The "useful information" in this particular email was the new document on gender under strict embargo until 3:30 p.m..

We received the text in seven different languages and the URL to an exclusively Italian language website for the Congregation for Catholic Education (www.educatio.va), which most of us did not know even existed.

Strangely, as of June 14 the new document was not to be found on the Vatican's official website (www.vatican.va) – not even in the section especially designed for the education office and where almost all of its past and even recent documents are available.

Near the very bottom of the long first page on the official Vatican site there actually is a link to this secondary site. But even if one goes there he or she has to do a lot of navigating (and had better know some Italian) to figure out where copies of documents can be found in other languages.

Crumbs for the conservatives.

All this could lead one to reasonably conclude that the new document is not something over which the Congregation for Catholic Education or the Vatican communications dicastery were particularly eager to create great fanfare.

My guess is that this document is really intended to placate Catholic traditionalists and other social conservatives who are among the most vocal critics of the "far too liberal" Pope Francis.

It looks very much like crumbs for the conservatives.

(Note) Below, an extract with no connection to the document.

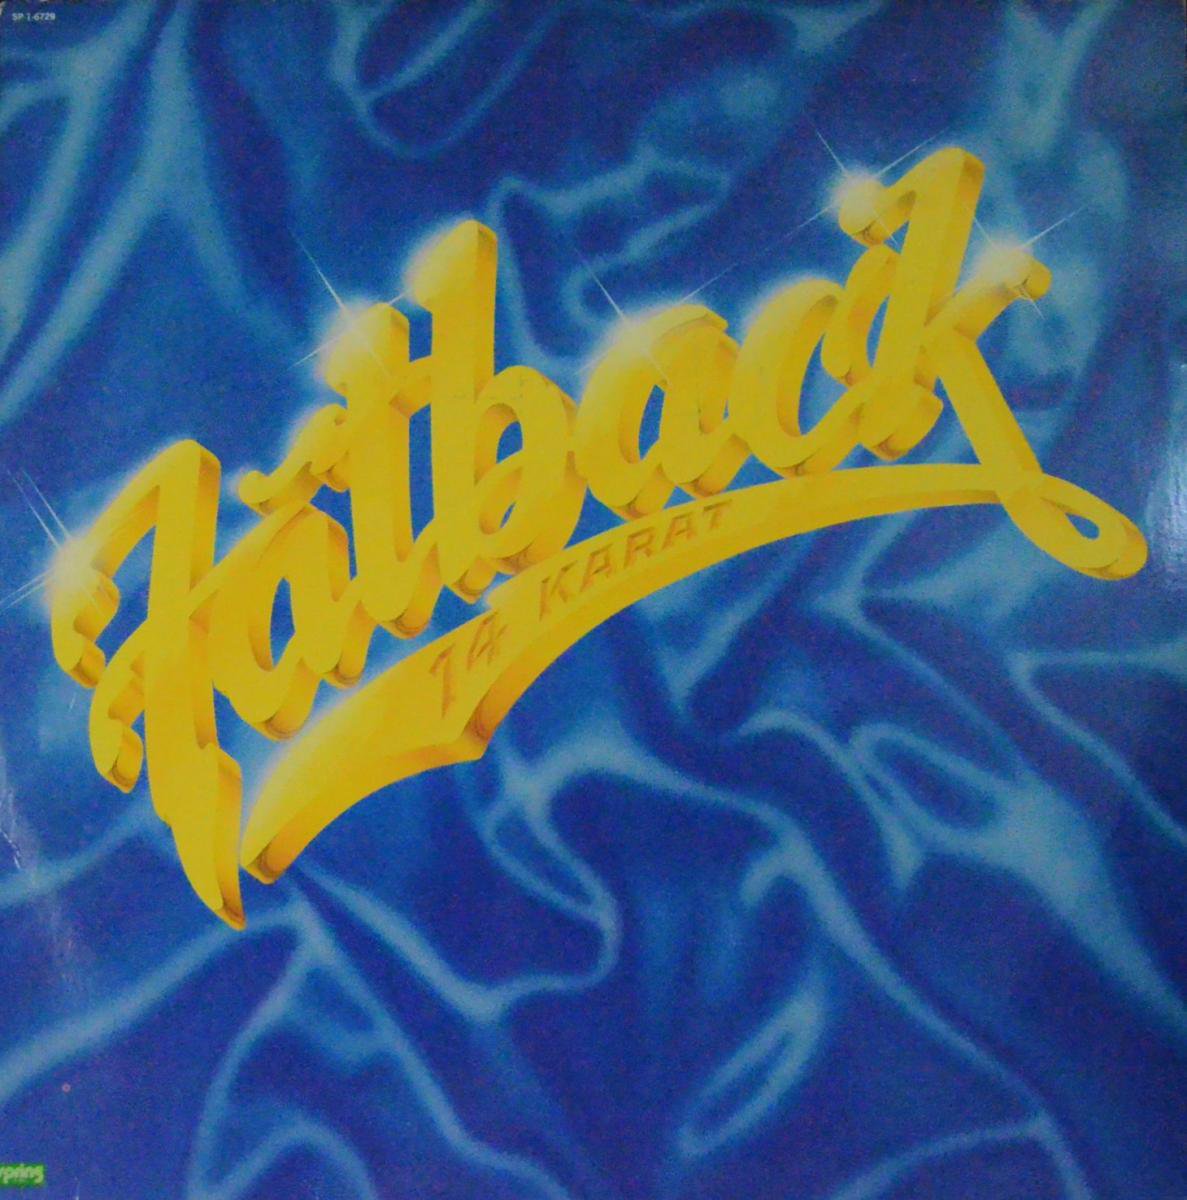 FATBACK / 14 KARAT (LP)

But some of them have seen this as juicy red meat, especially because of the protests and criticisms the document has evoked from more progressive-minded Catholics who tend to be favorable of the pope.

One very conservative Italian daily argued that such criticism of the gender document is proof that so-called progressive Catholics are now joining with the traditionalists and turning against Francis.

Nice try, but that doesn't wash. As disturbing as some people find the new document, it is not this pope's equivalent to Humanae Vitae.

And in fact, despite the fact that Pope Francis probably agrees with most of what is written in the text, he did not sign it. And neither did he order it to be published.

Most Catholics and other people who are inspired by this pope are not going to turn away because of what is written in these 31 pages.

Instead, they will continue to support Francis – even as he inspires and also challenges them – because they know this pope's actions speak louder than words.